Alison Brescia and Jason Gray’s pink brick at the Love Bridge leading to the Wellness Center truly bridges their story back to where it began. They met at the Wellness Center in 2006, when they were both employees, and ended up husband and wife five years later.

Brescia, a junior at the time, and Gray, then a sophomore, had been making casual conversation and flirting back and forth since the day that Brescia asked Gray to cover her Friday evening shift at the Wellness Center. But it wasn’t until a dinner at T.G.I. Friday’s across U.S. 1 that the ball got rolling.
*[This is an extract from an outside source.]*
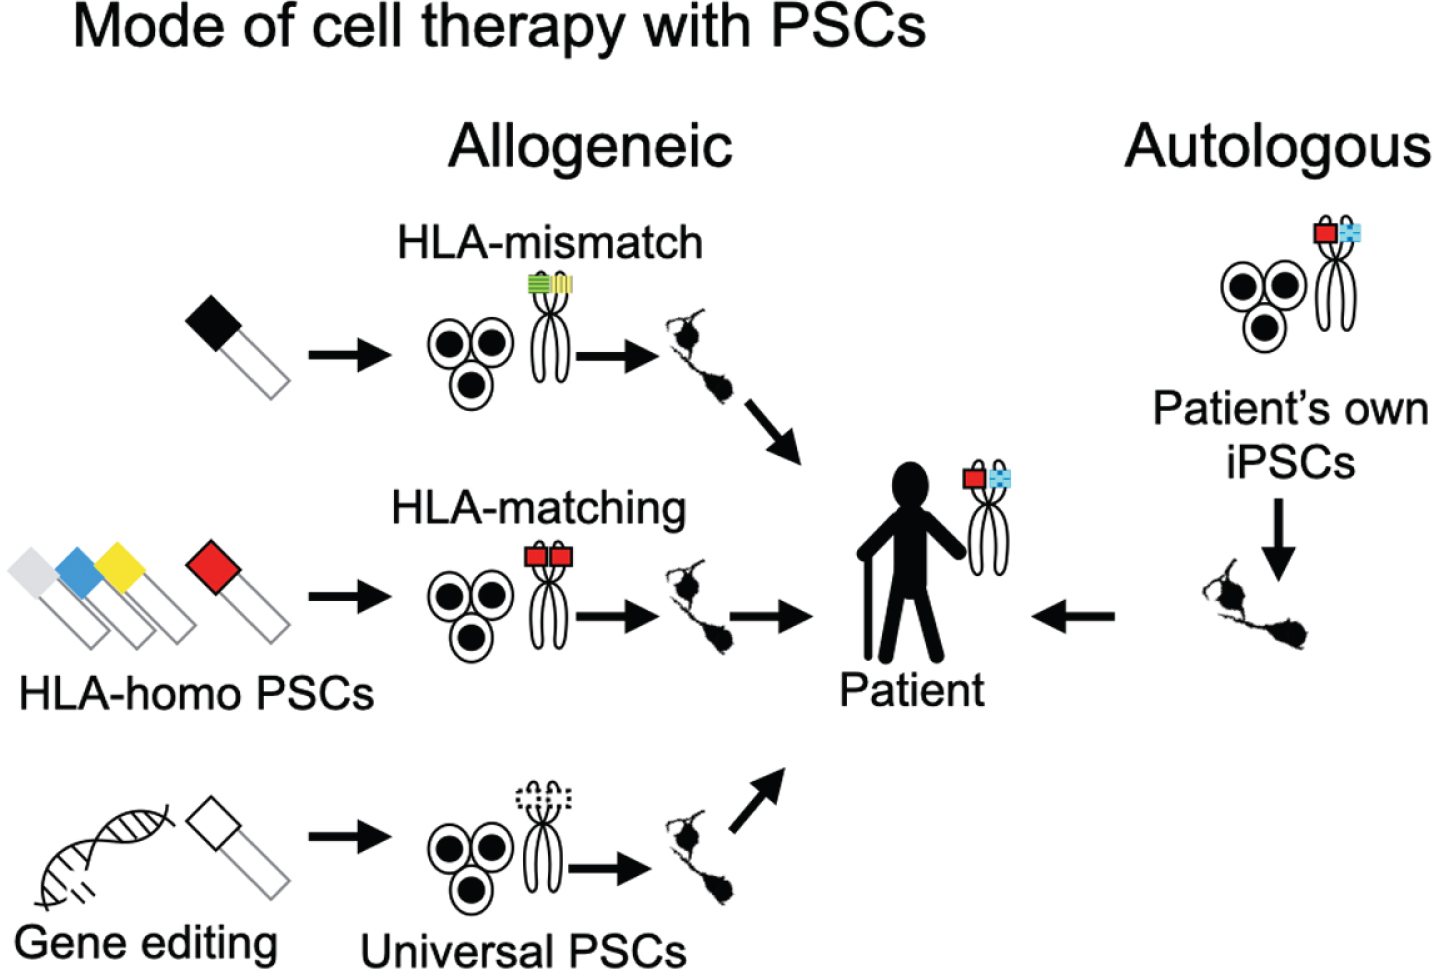 Modes of PSC-based cell therapies. Cell therapies using PSCs can be divided into two types from the perspective of the donor origin: allogeneic and autologous transplantations. Allogeneic transplantations are subdivided into HLA-mismatch transplantation, HLA-matching transplantation, and universal PSC-based transplantation. The colors and the patterns in the schema of the chromosomes indicate the haplotypes of HLA. For HLA-matching transplantation, cell lines with HLA-homologous haplotypes (HLA-homo PSCs) are normally used to increase the probability of matching. For clinical application, different HLA-homo PSC lines must be banked. Universal PSCs promise transplantations without inducing an immune response to any recipient. They can be derived by editing genes for T-cell responses (e.g., HLA-A, -B, -DR, PD-L1, CTLA4) and NK cells (e.g., HLA-C, -E, -G).

After her roommate encouraged her to do so, Brescia invited Gray to join her and about four friends for dinner at Friday’s. This would be their first occasion spending time together outside of work.

“Kind of from then on we sort of started dating,” said Brescia, who graduated in 2008.

Their subsequent first real date at Houston’s in Miracle Mile turned into a lasting relationship full of positive memories at UM. Besides dates at Monty’s and evenings at the Rathskeller, Brescia and Gray enjoyed attending Miami Hurricanes baseball games.

“Alison would never turn down an opportunity to go to the Light and watch Hurricanes baseball,” said Gray, who graduated in 2009. “We saw our fair share of games while we were there. … Just the fact that she was cool enough to do that with me, I knew I had a pretty good catch.”

Brescia and Gray also recalled celebrating a Valentine’s Day in the University Village, where the couple attempted to make homemade pizza.

“It didn’t turn out so well,” Brescia remembered.

“The dough never rose,” Gray said. “That was a little bit of a disaster.”

“Then we had to make frozen pizza,” Brescia added, chuckling.

“That’s probably our most memorable Valentine’s Day together,” Gray said.

When Gray attended graduate school at Notre Dame, Brescia remained at UM to pursue her degree in physical therapy. They made the commitment to maintain a long-distance relationship for the next year and a half. They saw each other for Thanksgiving and Christmas break, but not on a consistent basis, Gray said.

“I think when you make a commitment to stay together with all that going on, in the back of your mind, you have to be happy with your relationship and the other person,” he said. “And you’re going to ideally get something out of it at the end for the sacrifice that you’re making.”

Sealing the deal

Gray made sure he was getting something out of it, when he proposed to Brescia on New Year’s Eve of 2009. Already running late to meet up with their friends in Fort Lauderdale, Gray stopped Brescia to look at the blue moon that evening.

“I was like, ‘Let’s look at the moon later. We’re late. We need to meet these people.’ … And then I had turned around, and he goes, ‘I have something else sparkly to go with your outfit tonight,’” Brescia recalled.

Gray whipped out the box, got down on one knee, and proposed to Brescia.

“I started crying, and I hadn’t looked at the ring yet or anything,” Brescia said.

Their wedding party included green and orange decor, ‘U’ logo cookies, many UM alumni in attendance.

“Miami and that school played such a big part in our lives,” Brescia said.

Now living in North Carolina, Brescia and Gray still attend Hurricanes games when the team plays at nearby ACC schools.